- Other names: Quagliata or cagliata (Italian)
- Country of origin: Italy
- Region: Liguria
- Town: Genoa, Savona, La Spezia
- Texture: Half solid, Half liquid
- Certification: P.A.T.

= Prescinsêua =

Italian cheese

Prescinsêua (/lij/) is a variety of cheese typical of the province of Genoa in the region of Liguria in Italy. In Italian it is also referred to as quagliata or cagliata. It is recognised by P.A.T. (Prodotti Agroalimentari Tradizionali).

It has a consistency halfway between yogurt and ricotta cheese.
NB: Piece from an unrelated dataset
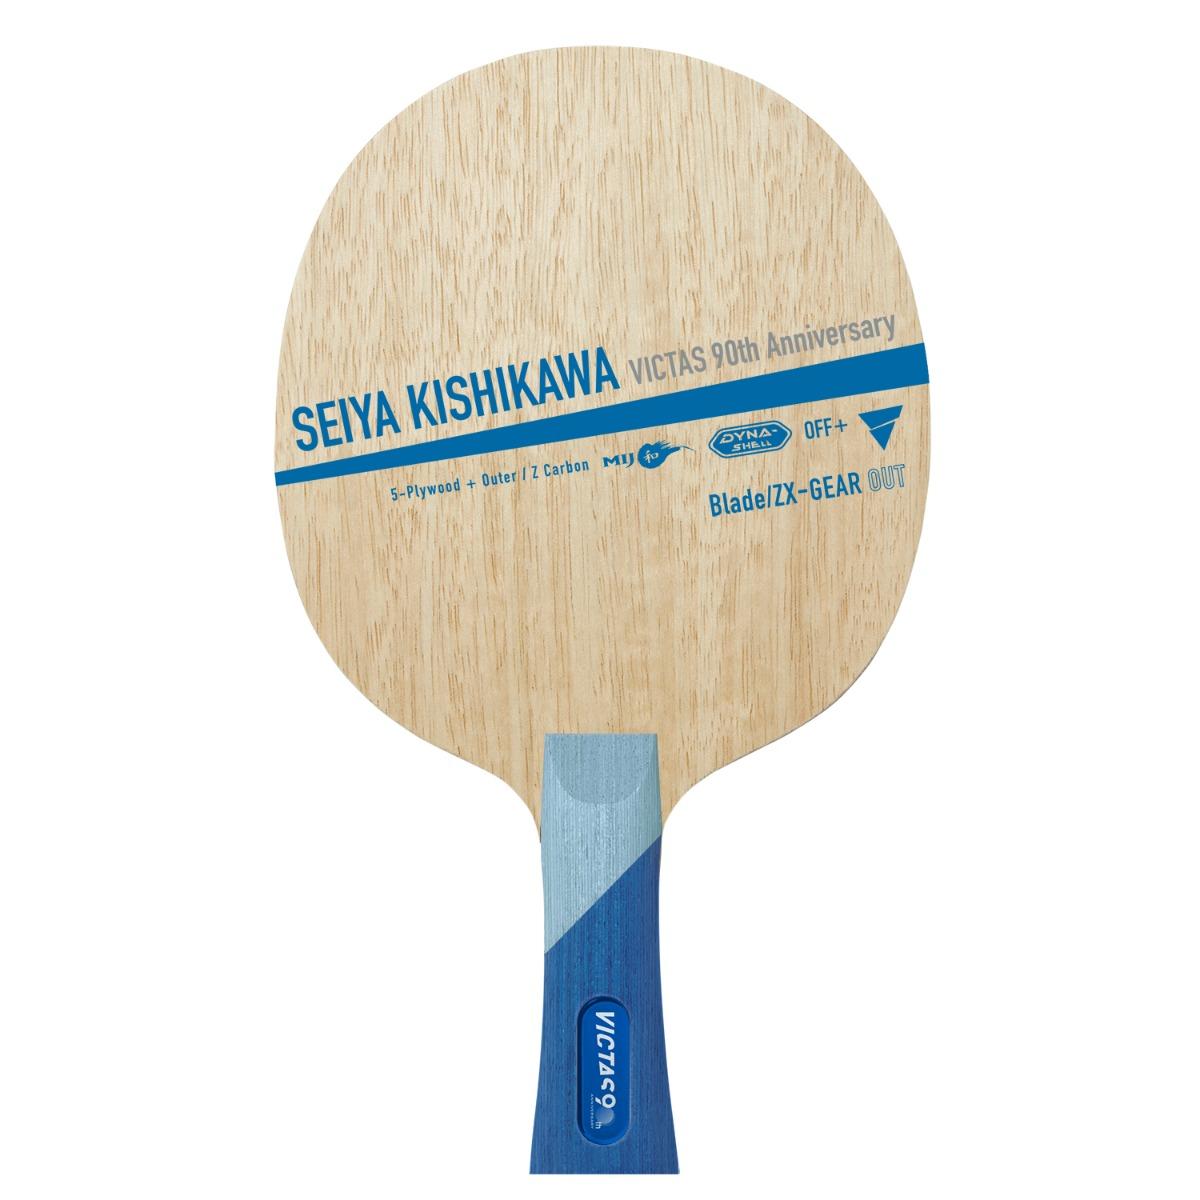 VICTAS 卓球 ラバー ラケット Rubber Racket ボール Ball 新商品 ギア商品情報特設ページ

It has a fairly sour flavor and is used in the preparation of a number of typical Ligurian dishes, such as pansoti (similar to ravioli but filled with vegetables), focaccia al formaggio, and many savory pies, including Genoese Easter pie (torta pasqualina).

It is obtained through the process of acidification of milk: from it is derived a sour milk product, which is let rest in plastic or glass containers.

Because it spoils easily, prescinsêua is not commonly sold beyond Genoa and the eastern part of Liguria, but its flavor and consistency can be approximated by mixing ricotta cheese with yogurt or sour cream.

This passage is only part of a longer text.